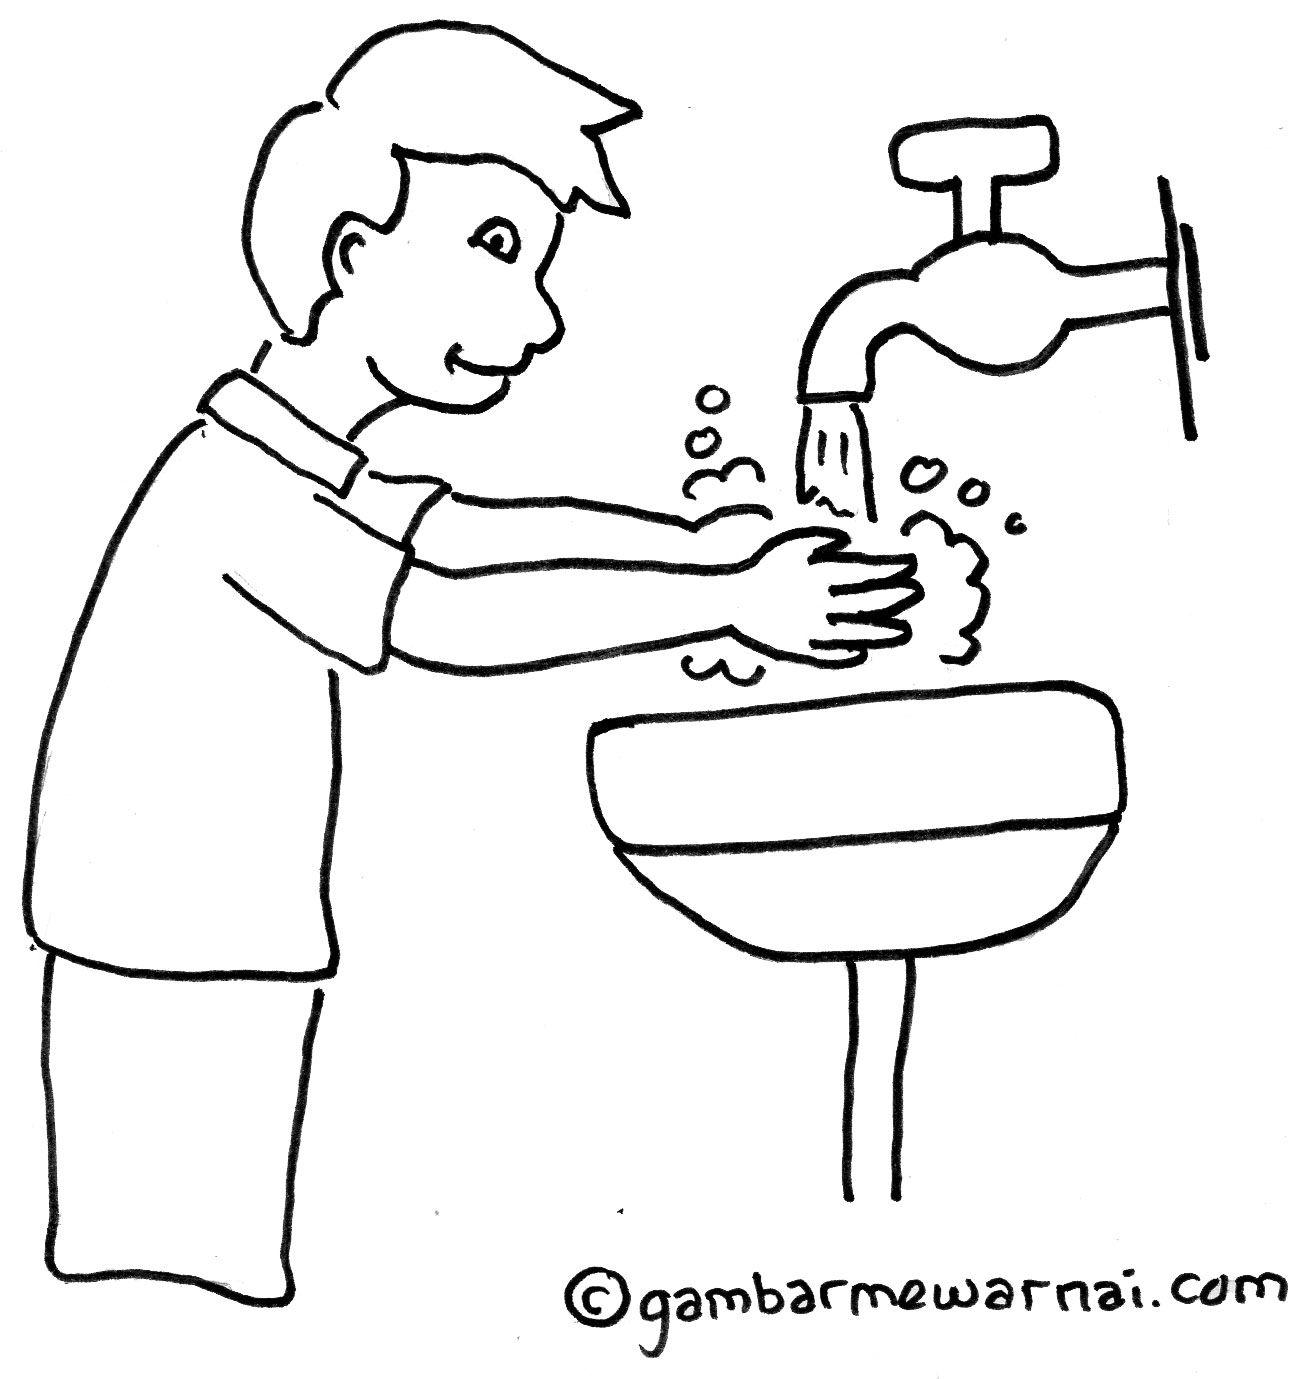 Contoh Gambar Mewarnai Anak Mencuci Tangan | Kartun
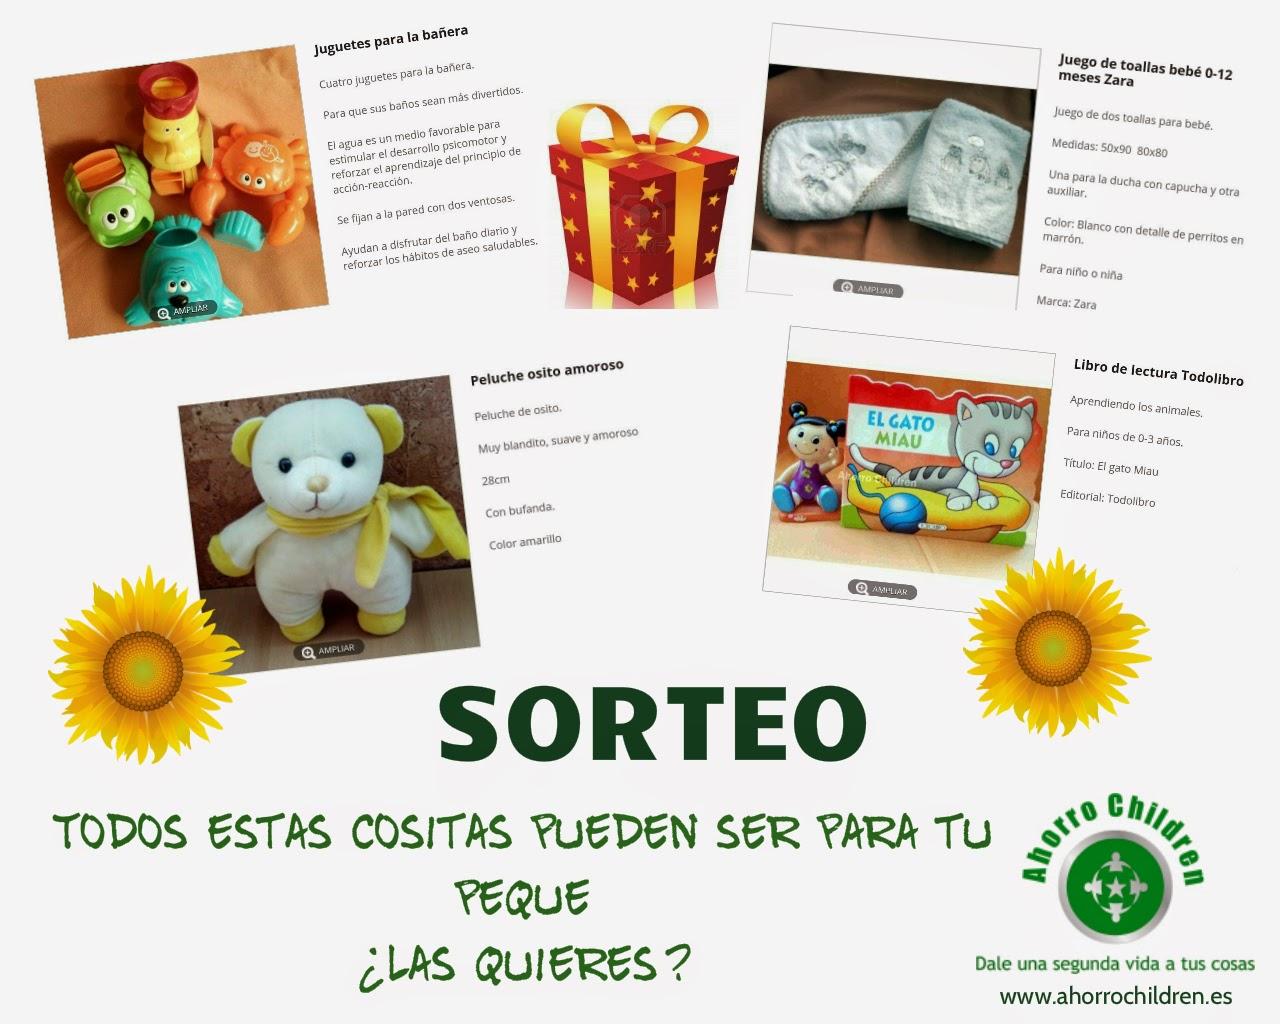 Sorteo ahorro children
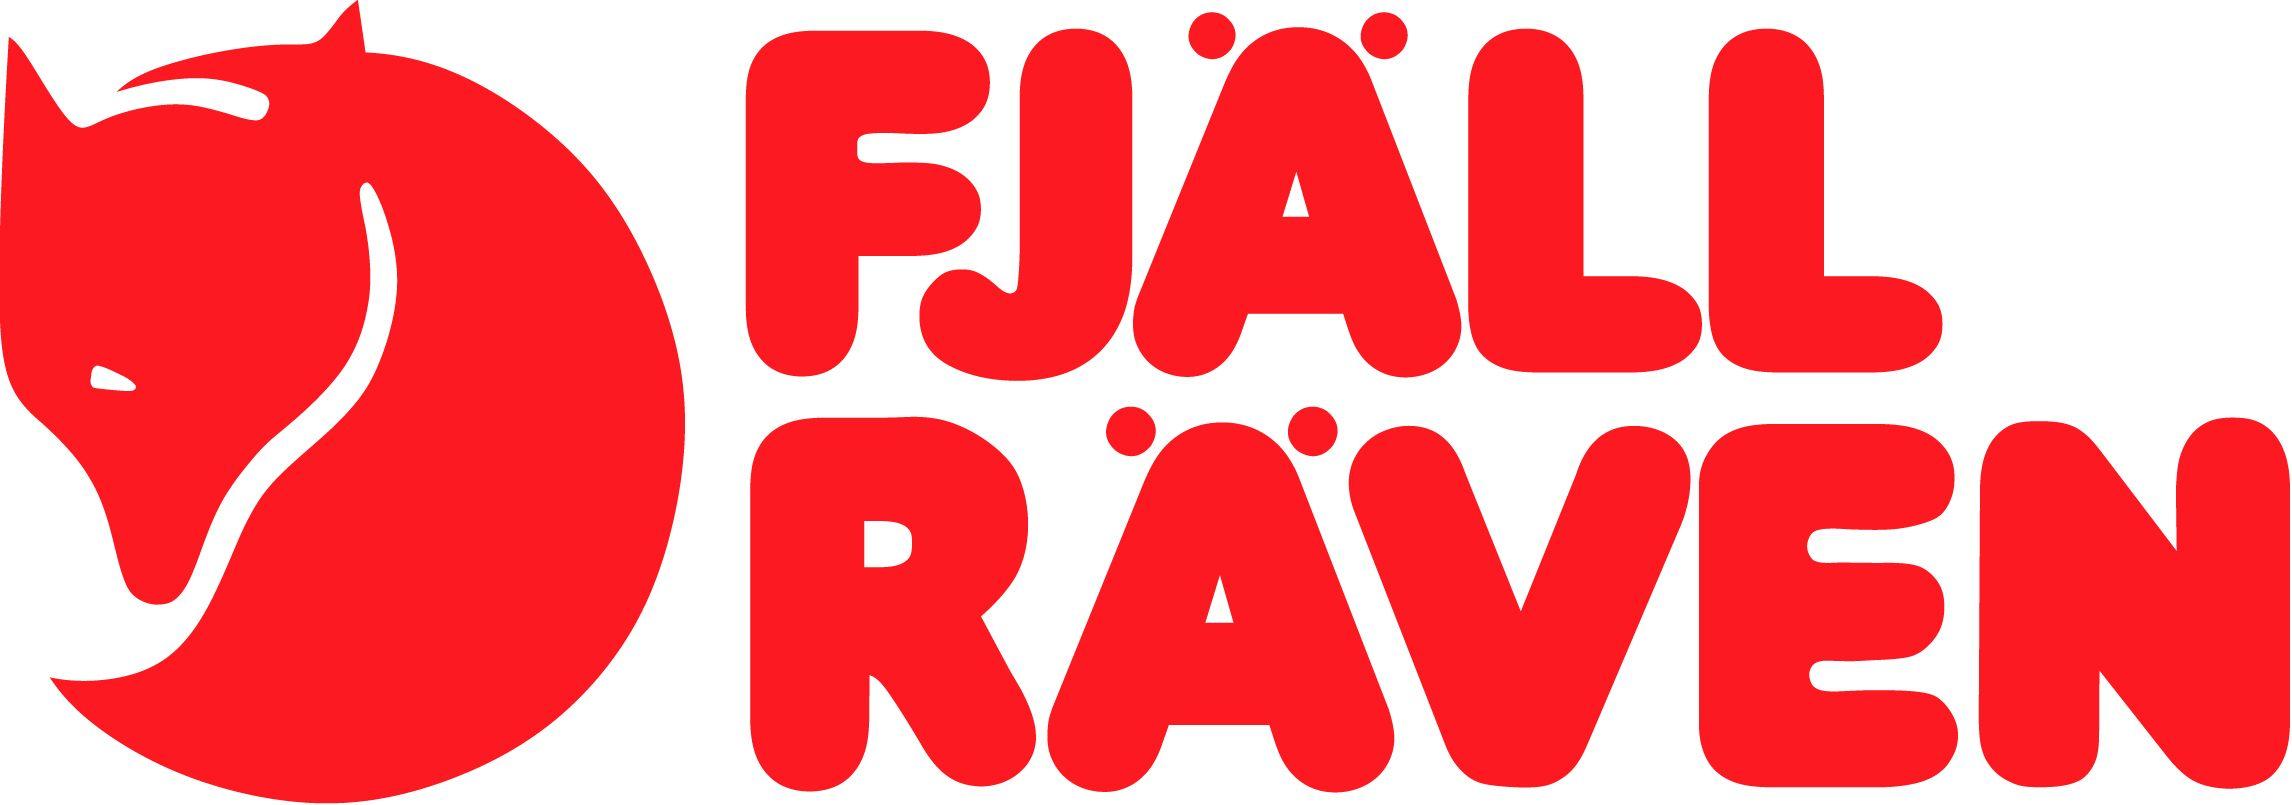 Výsledek obrázku pro Fjallräven logo

* _TASK PROMPT_:
Each line of the data above must be reproduced as written. Skip the pictures.

* _SOLUTION TO THIS TASK_:
 Contoh Gambar Mewarnai Anak Mencuci Tangan | Kartun
 Sorteo ahorro children
 Výsledek obrázku pro Fjallräven logo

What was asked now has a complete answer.